AT&T Boss Met With Activist to Discuss Strategy
September 20 2019 - 9:46AM
Dow Jones News
By Drew FitzGerald and Corrie Driebusch
AT&T Inc.'s chief executive met this week with the activist
investor who is pressing the company to rethink its strategy and
sell off more assets, according to people familiar with the
matter.
AT&T boss Randall Stephenson and Jesse Cohn, the portfolio
manager at Elliott Management Corp. who challenged the telecom
veteran, met Tuesday in New York for an introductory conversation,
the people said. The hedge-fund manager discussed streamlining
operations and Elliott's other ideas, the people said.
In a letter last week, Elliott challenged AT&T's leadership,
criticized its shift into the media business and called on the
company to review units that might not fit its long-term strategy,
highlighting its DirecTV satellite division and Mexican wireless
operations.
AT&T has publicly discussed shedding smaller assets that
would help reduce debt but not alter its overall strategy. The
company is considering the sale of four regional sports networks
and a stake in a TV operator in central Europe acquired through its
Time Warner purchase. It is also marketing $500 million worth of
real estate.
The phone giant is also exploring parting with the DirecTV
business, a discussion that began before Elliott launched its
campaign, some of the people said. It has considered various
options for DirecTV, including a spinoff into a separate company
and a combination with rival Dish Network Corp., The Wall Street
Journal reported this week.
Assets sales could help the company pay down some of its roughly
$160 billion of net debt, but there are few potential buyers for
DirecTV, which has been losing millions of subscribers. It would be
hard for Dish to buy the business outright because Dish is half the
size and has little cash on hand.
A combination with Dish could be structured in another way, one
in which the new entity takes on debt and returns the proceeds back
to AT&T, analysts and people familiar with the matter say. But
there are formidable obstacles to such a deal.

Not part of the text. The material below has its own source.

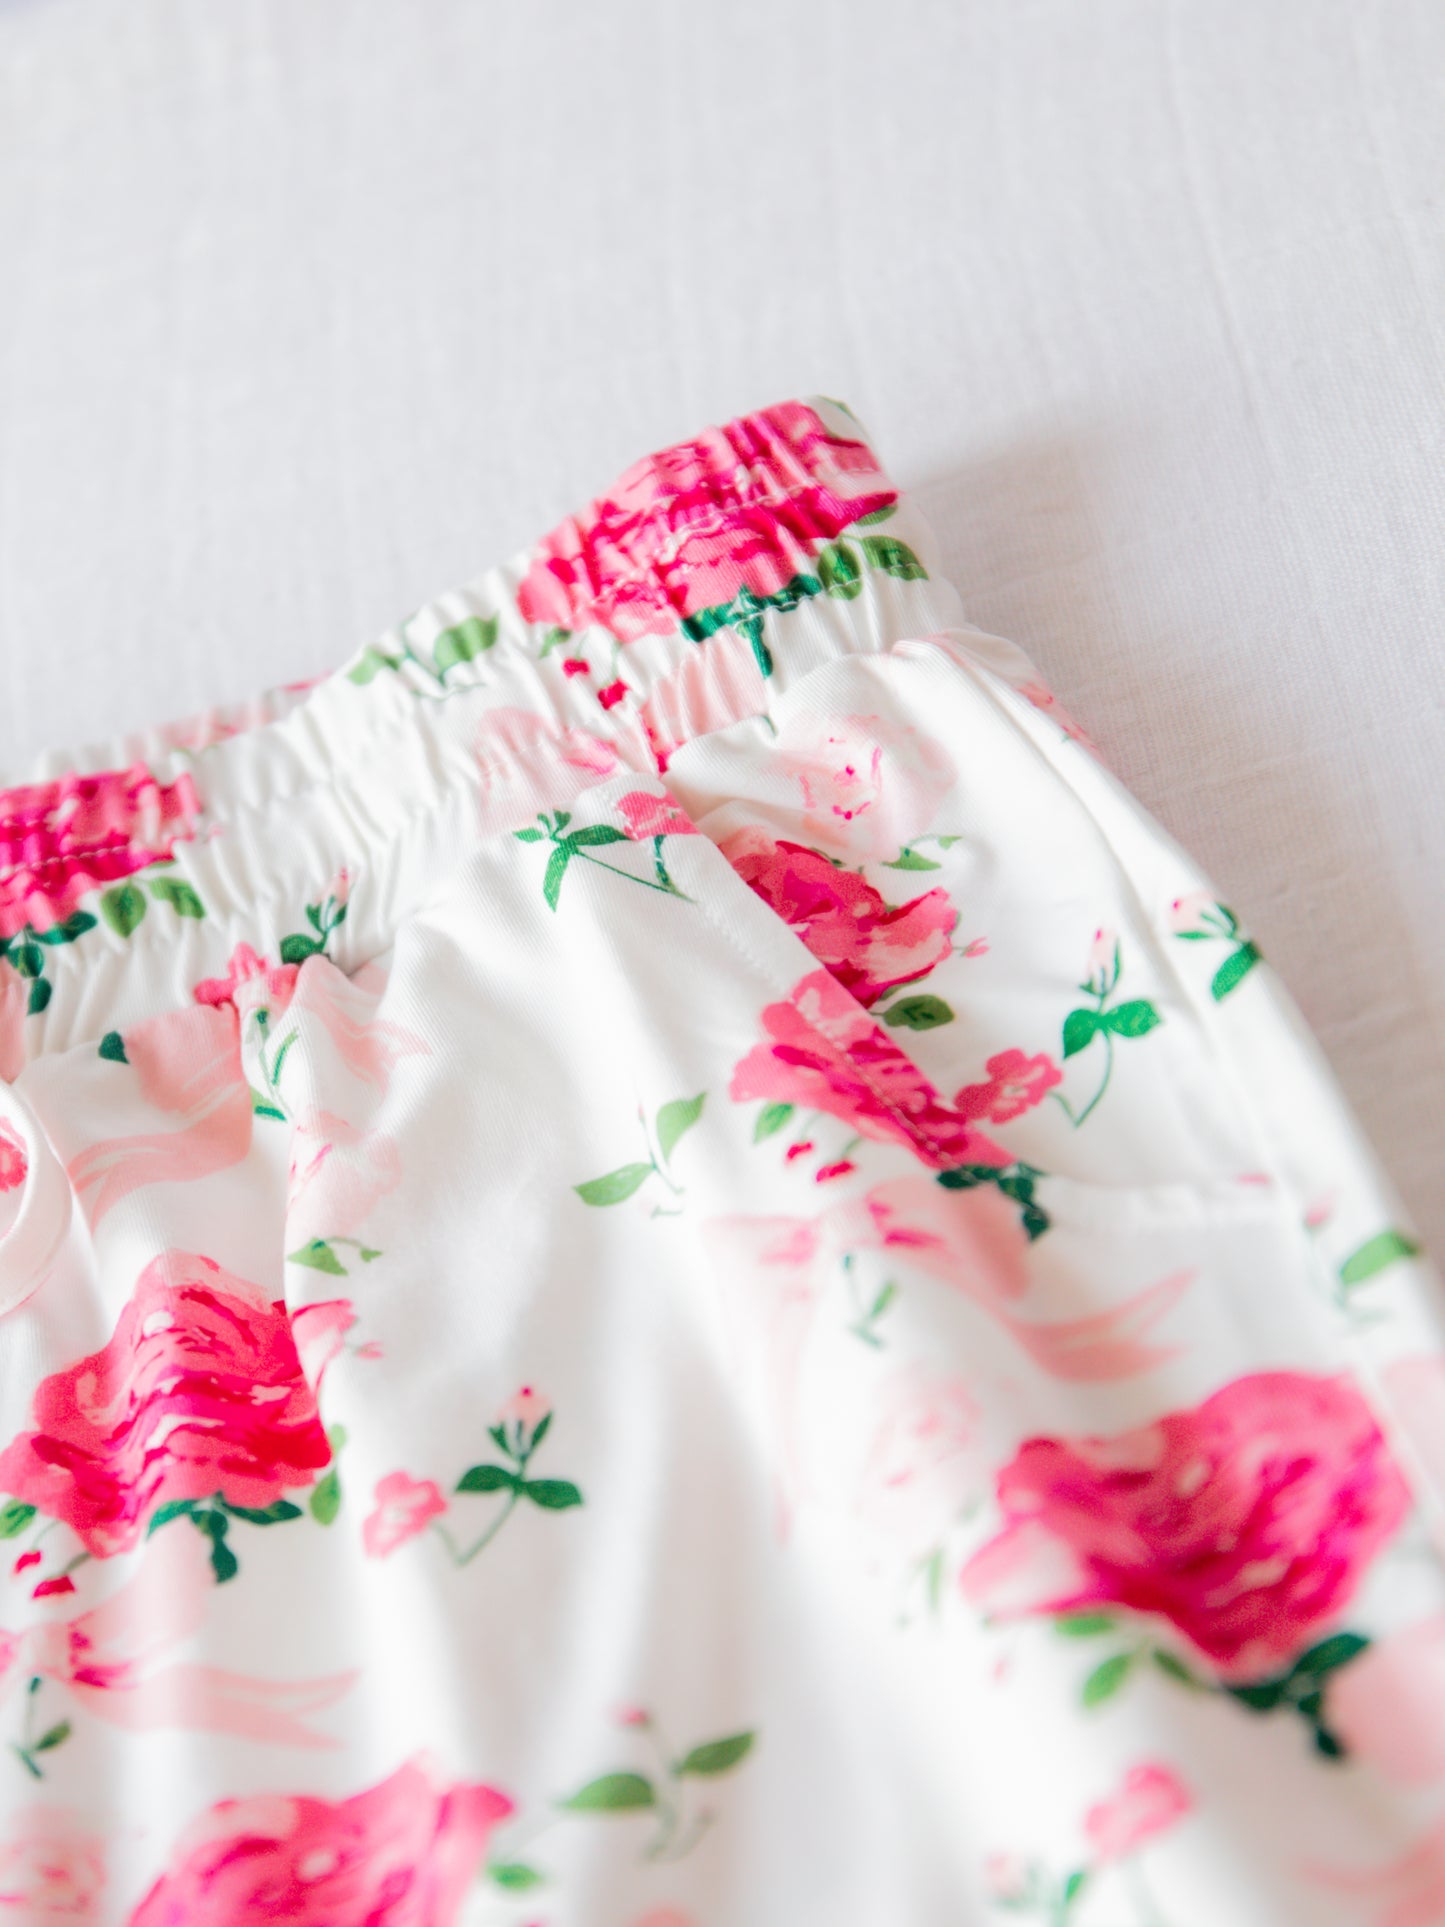 Women's Cloud Pajamas - Pink Rose Bouquet

AT&T finance chief John Stephens last week said combining
two satellite providers has been tried before and failed. "From a
regulatory perspective, it hasn't been successful and I don't know
that there is any change in that regulatory perspective," he said
at an investor conference.
Another complication comes from President Trump, who opposed
AT&T's purchase of Time Warner and has been openly antagonistic
toward its CNN unit. Some people close to AT&T are skeptical
they can get approval for any deal under the current
administration. The day Elliott disclosed its stake in AT&T,
Mr. Trump tweeted: "Great news that an activist investor is now
involved with AT&T."
The two nationwide satellite-TV providers tried to merge in 2001
but regulators blocked the move on antitrust grounds. The advent of
streaming services has upended the pay-TV marketplace, but
combining DirecTV and Dish would still face regulatory hurdles,
antitrust experts say. AT&T has about 23 million pay-TV
subscribers. Dish has about 12 million.
Times have changed over the past 18 years. More telephone
companies have entered cable-TV markets, while streaming services
like Netflix Inc. and Hulu arguably meet the Justice Department's
longstanding definition of a pay-TV provider. New online video
services from Comcast Corp., Apple Inc., Walt Disney Co. and
AT&T's WarnerMedia are joining the fray.
"In short, it is only a matter of time, if the time is not
already here, before the government will have to adopt a new
product market definition, " New Street Research analyst Blair
Levin, a former Federal Communications Commission official in
charge of its Obama-era national broadband plan, wrote in a note to
clients.
Antitrust experts say the closest comparison is the 2008 deal
between Sirius Satellite Radio Inc. and XM Satellite Radio Holdings
Inc. Federal regulators in that case agreed with the companies'
argument that they would still compete against a range of in-car
entertainment aside from satellites.
Merging two satellite-TV providers could still trouble
competition watchdogs looking out for rural viewers. Broadband
access in far-flung parts of the country is growing, allowing more
access to TV channels delivered over the internet. About 5% of
Americans don't have access to cable or internet TV, according to
Moody's Investors Service. A satellite-TV monopoly in those places
could hurt the deal's prospects in Washington.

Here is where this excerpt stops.